Other studies confirm these positive outcomes, but also raise questions about whether such large effects can be achieved when programs are taken to scale. The US experience with Head Start, which was inspired by the early model programs, has yielded mixed results. It is widely agreed that Head Start, which provides comprehensive early childhood education, health, nutrition, and parent involvement services to low-income children and their families, produces benefits in the short term, but concerns have been raised about whether those effects persist. Many studies have found that short-term effects on test scores fade as children move through school. However, careful econometric studies have documented long-term benefits of Head Start for adult outcomes such as school attainment, crime, and employment.
It is also clear from the research that the effects of a program such as Head Start depend on the counterfactual—what would have happened in the absence of the program? Head Start will have larger effects for children who would otherwise not have attended any preschool and will have smaller effects for children who would have attended preschool even without Head Start. It is also important to note that, as a national program, Head Start is made up of many different centers, of varying quality. Thus, part of the lesson from Head Start is that it is challenging to achieve consistently high quality when a program is taken to scale.
Most recently, a meta-analysis of 65 studies of preschool programs found that such programs raise children’s school readiness, but with smaller average effects than in model programs such as Perry Preschool and the Abecedarian Project. This meta-analysis provides important suggestive evidence that such programs could reduce inequality. However, there is still the question of whether good-quality preschool can be delivered at scale through large public programs.

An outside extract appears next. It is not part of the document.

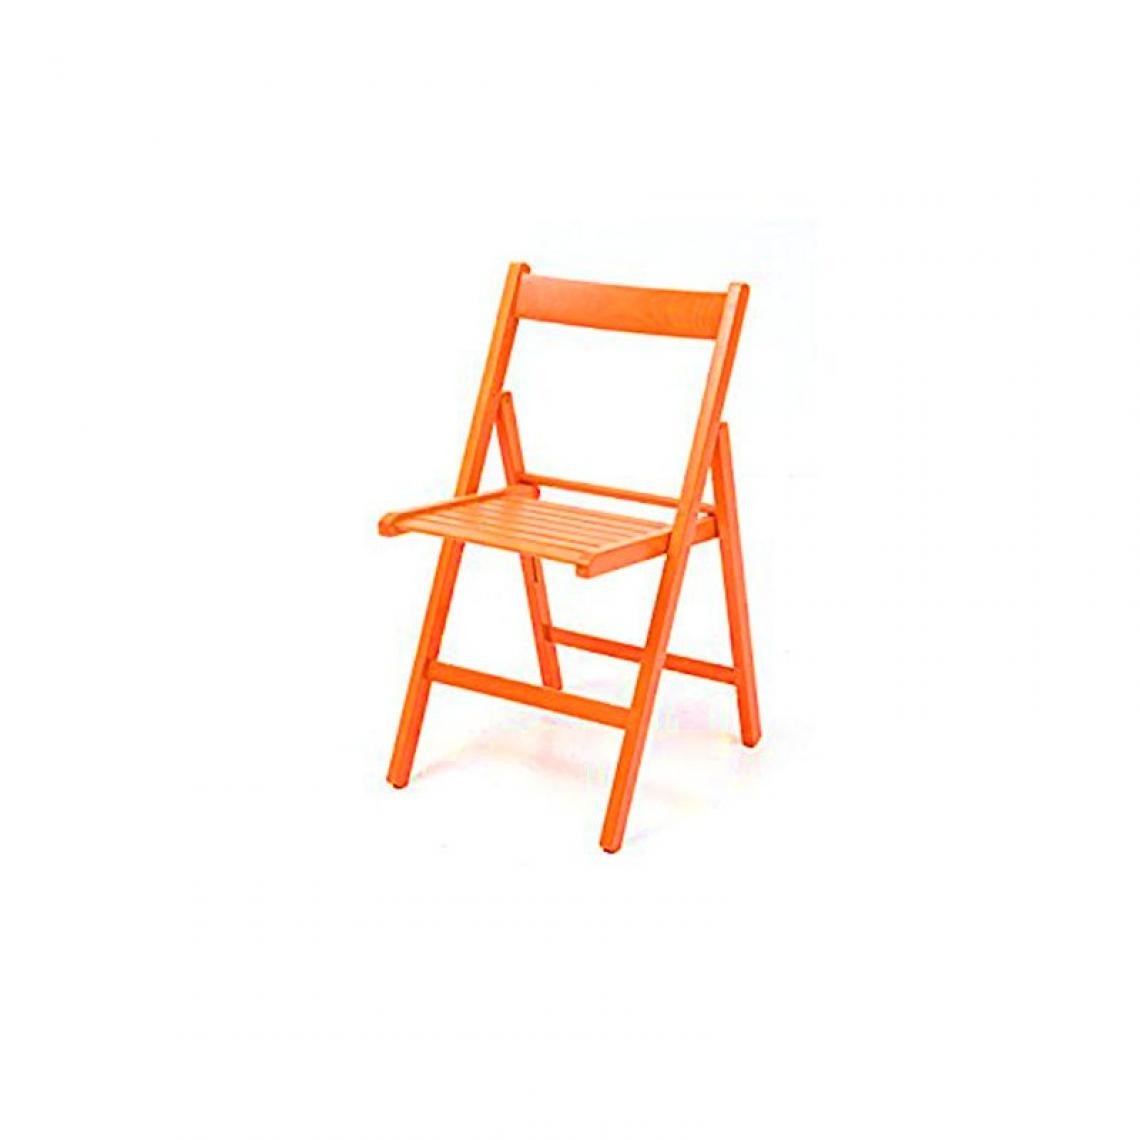 Webmarketpoint - Chaise pliante en hêtre orange de haute qualité 43x48xh.79 cm - Chaises
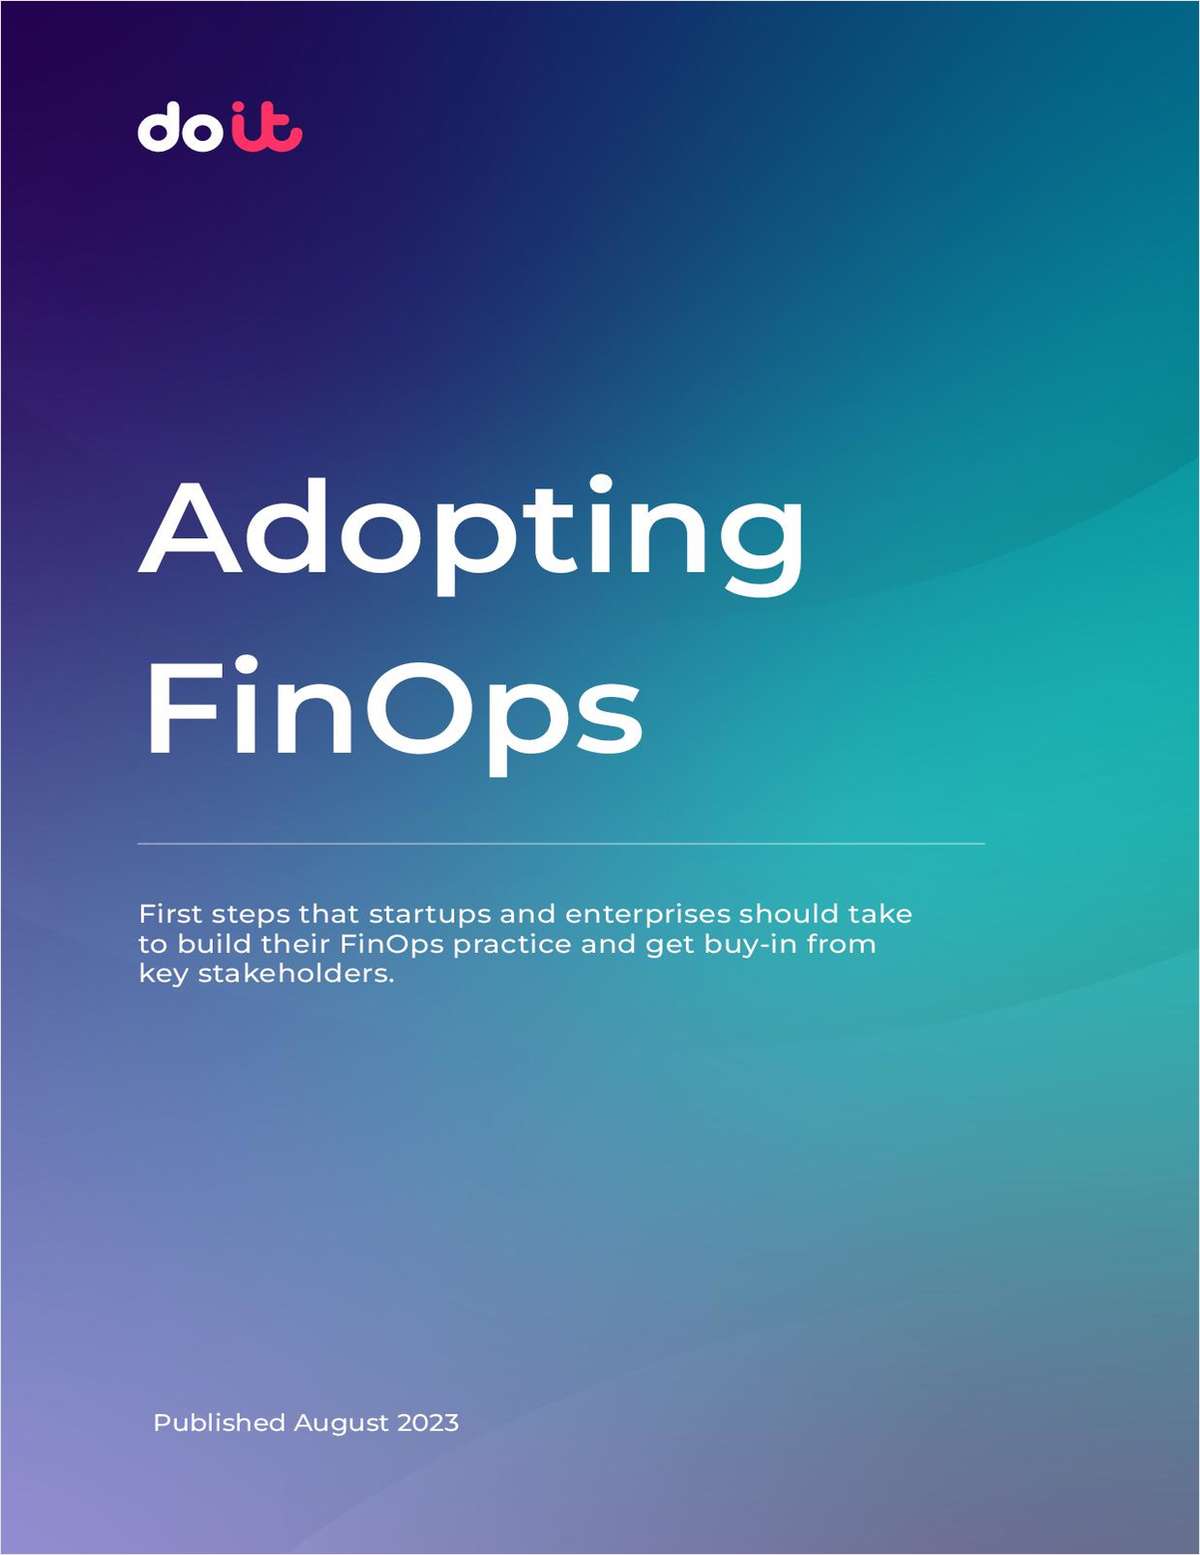 Adopting FinOps eBook

Two bodies of evidence speak to the effects of large public programs implemented at scale. The first concerns the effects of public preschool programs introduced in many countries in the second half of the 20th century. The second concerns the effects of state and local prekindergarten programs that have been implemented more recently, for instance, in the US.
Effects of large-scale public preschool programs
A good deal of evidence has accumulated on large publicly funded preschool programs in the second half of the 20th century. These programs are now widespread and typically provide early education to children in the year or two before school entry . Countries differ a great deal in the administration and organization of the programs. In some countries, preschool programs are viewed as early education and are administered by education departments, while in others they are seen as a form of childcare and are administered by social services departments. Standards for the programs also vary widely, with some countries emphasizing highly trained teachers or caregivers, while others emphasize small class sizes or low child–staff ratios. But a common feature in many countries is that these programs are now seen as a core part of the welfare state and serve virtually all children in the year or two before school entry.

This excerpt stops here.